*** Opening Provided data ***
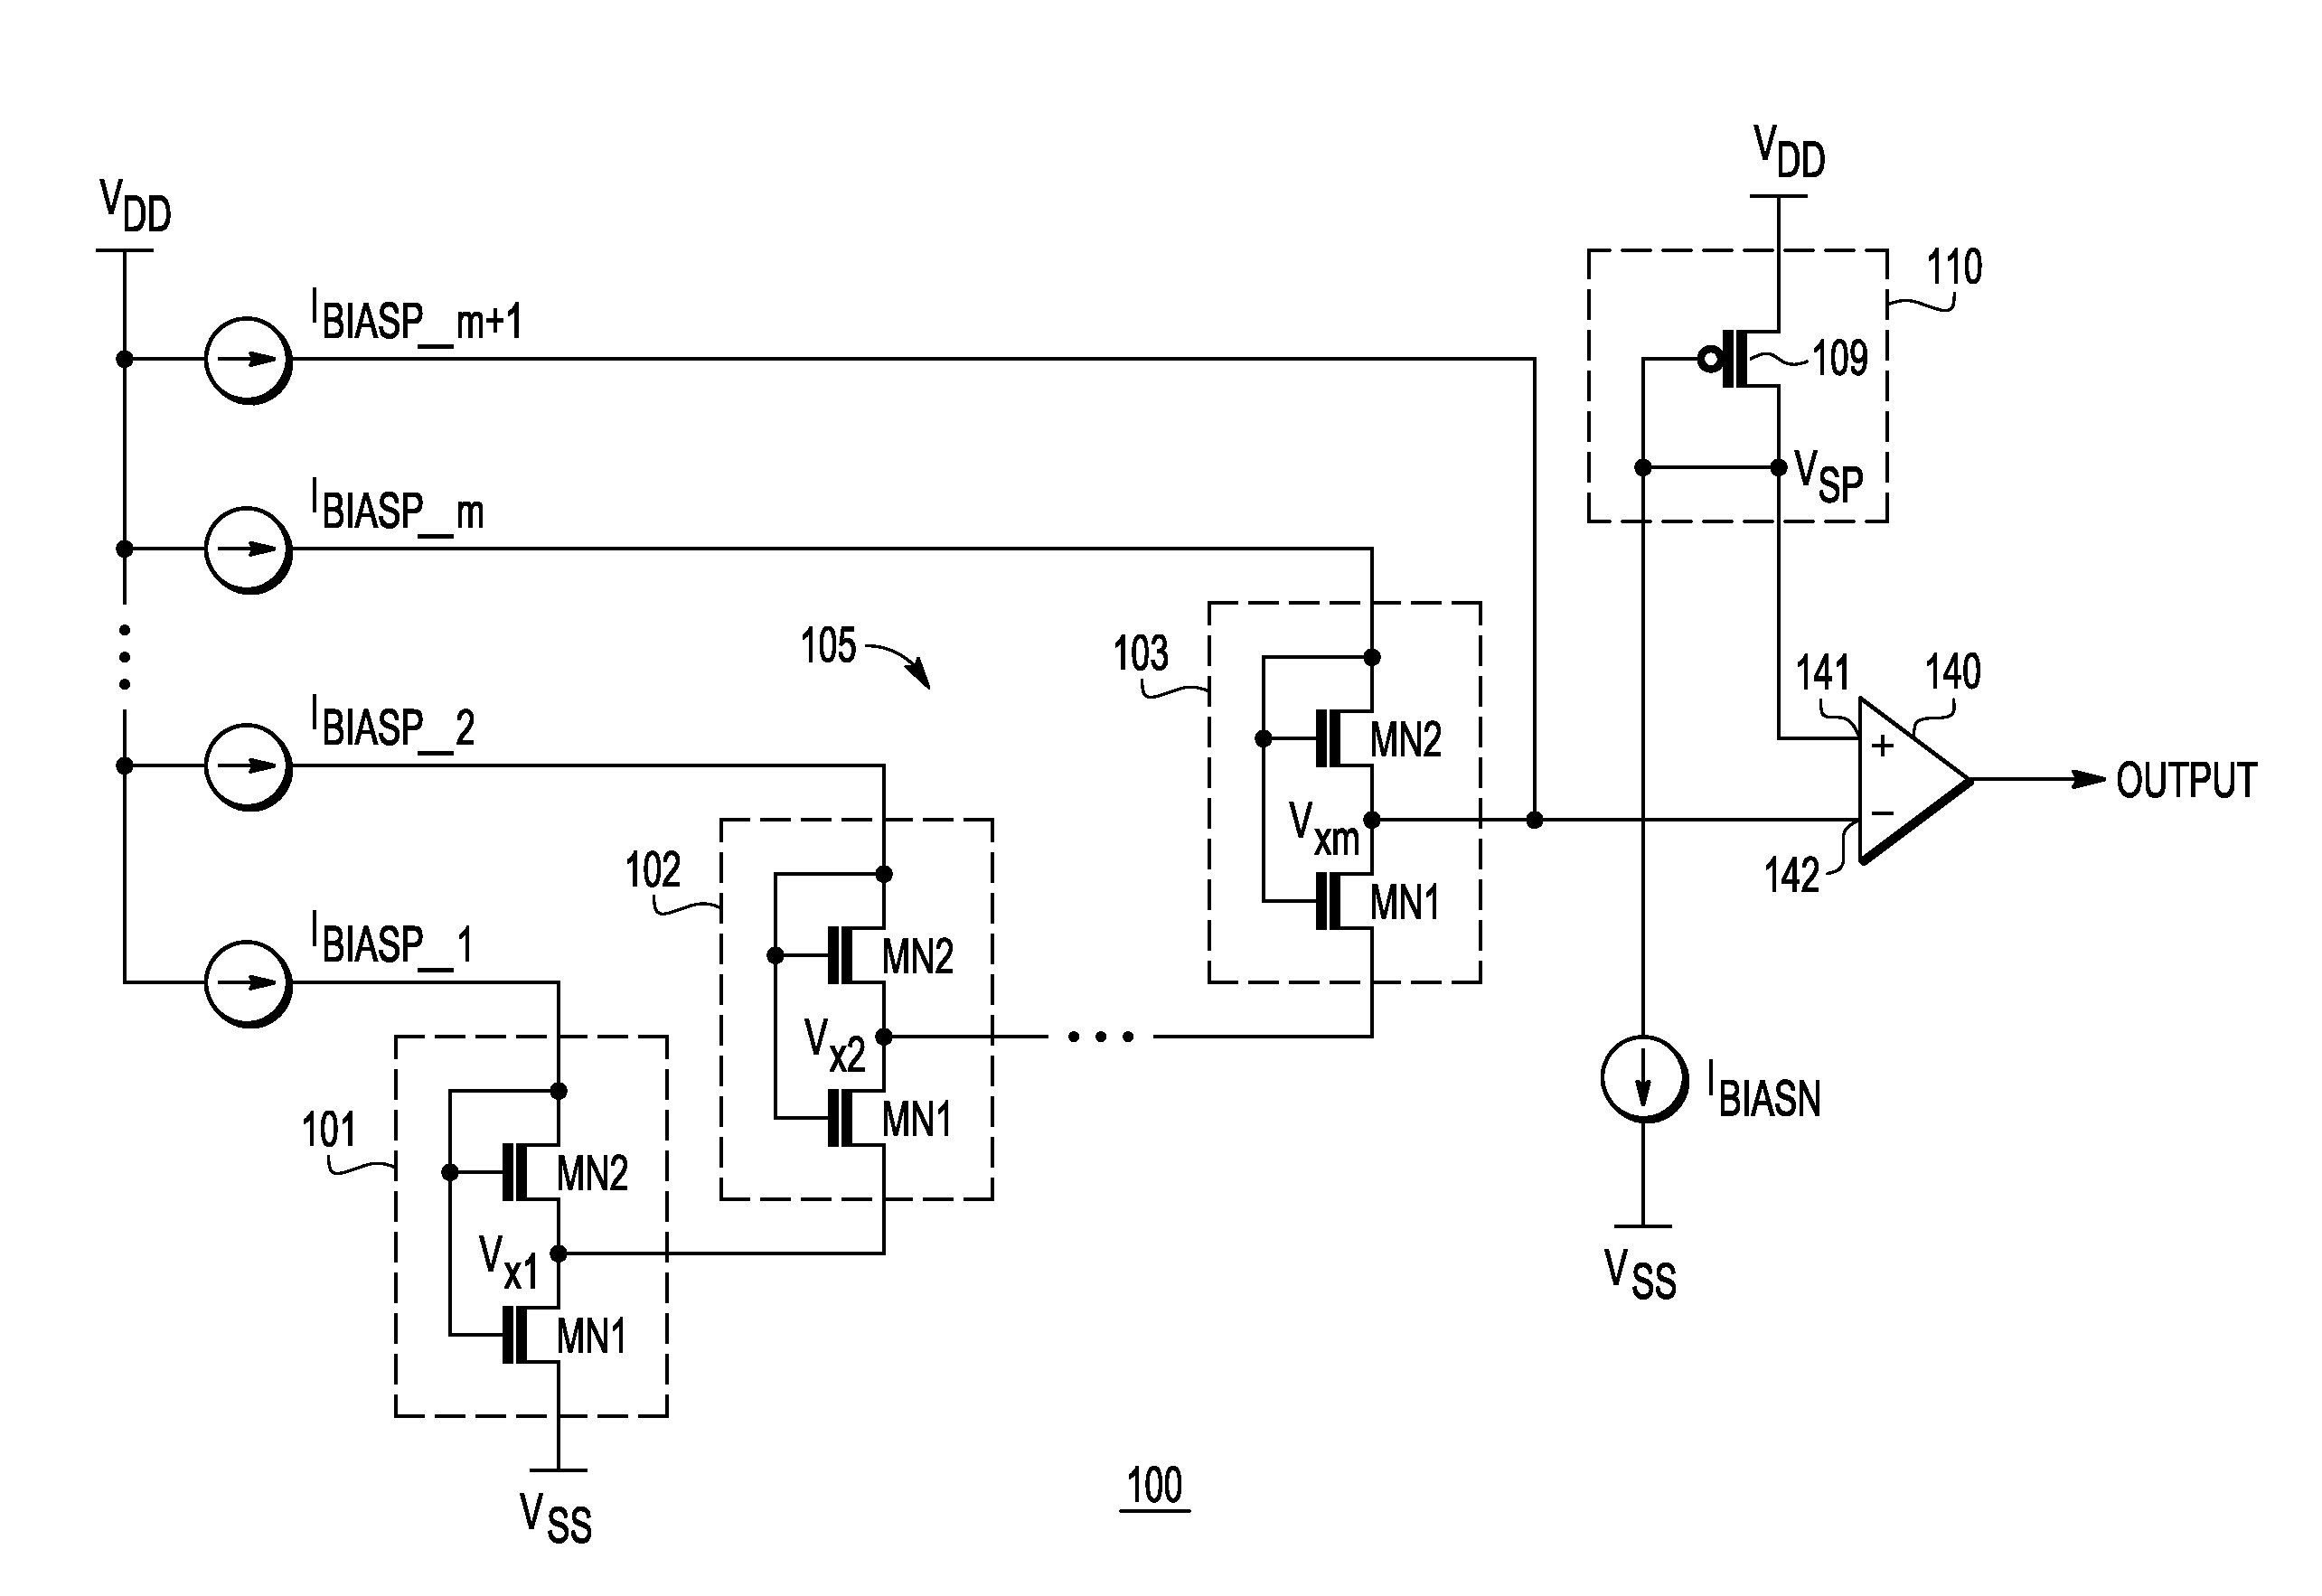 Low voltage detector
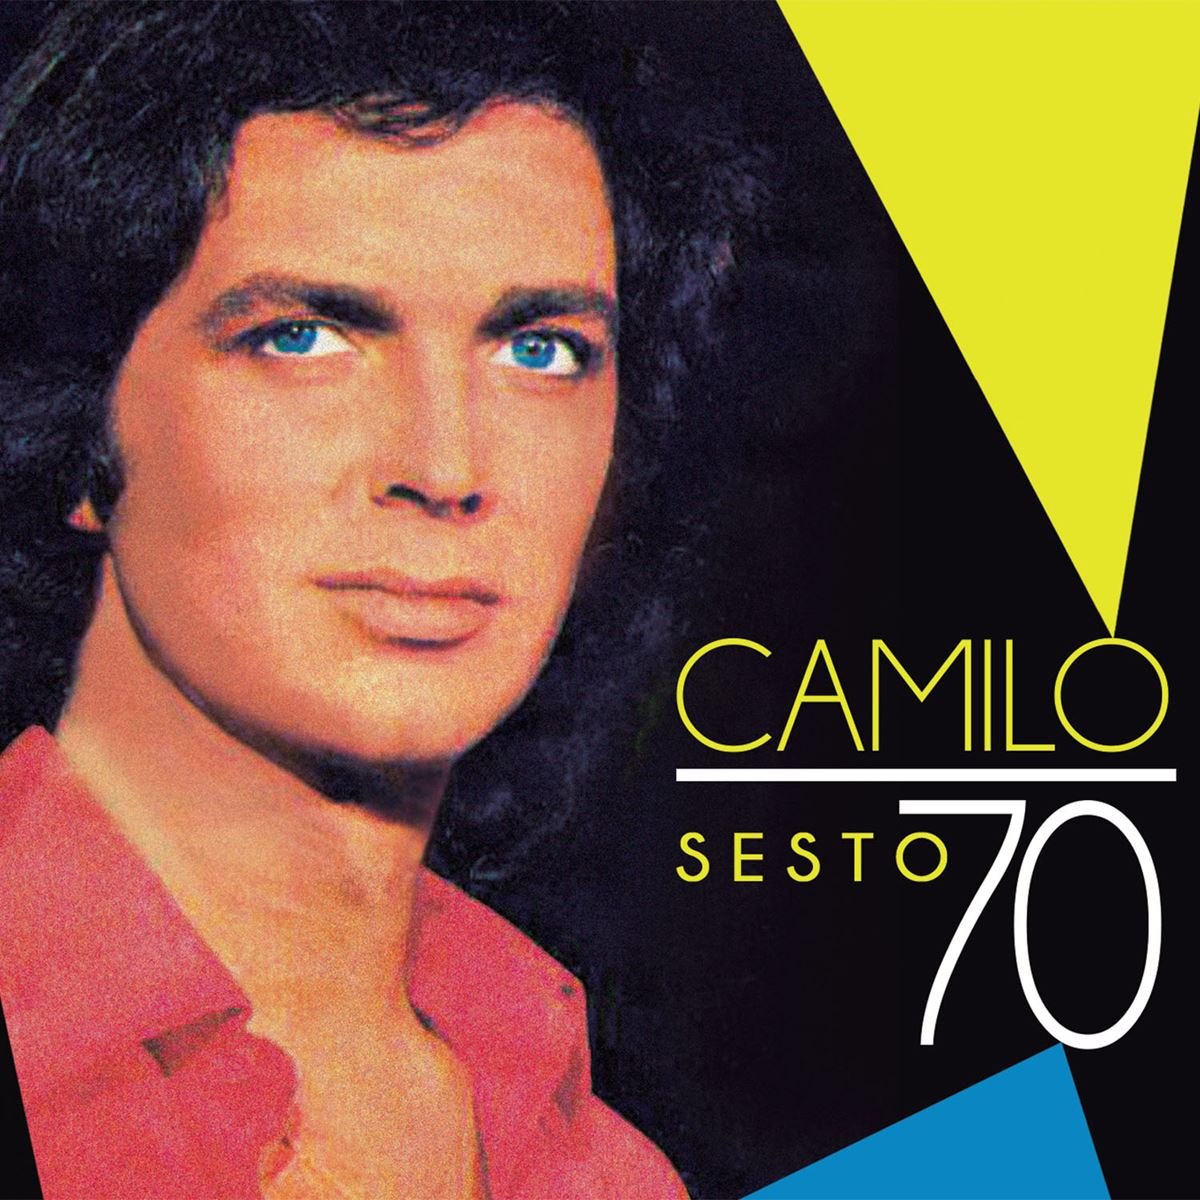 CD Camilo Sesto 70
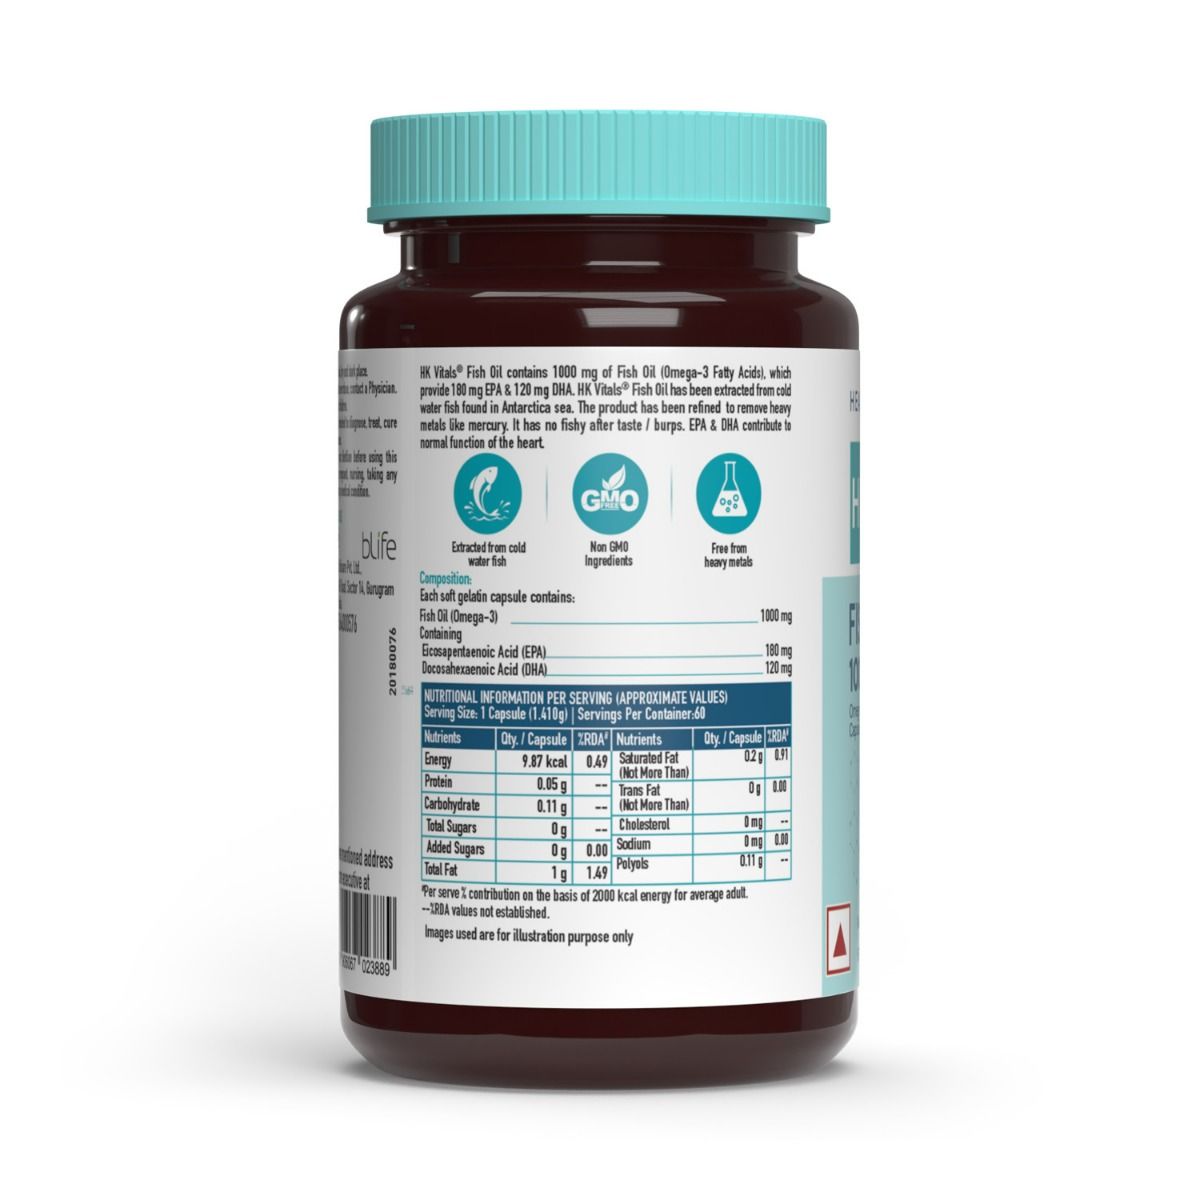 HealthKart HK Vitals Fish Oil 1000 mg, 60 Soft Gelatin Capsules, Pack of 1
*** Closing Provided data ***
**Task prompt**.
Without the pictures, print the whole listing exactly as given.

**Answer section**.
 Low voltage detector
 CD Camilo Sesto 70
 HealthKart HK Vitals Fish Oil 1000 mg, 60 Soft Gelatin Capsules, Pack of 1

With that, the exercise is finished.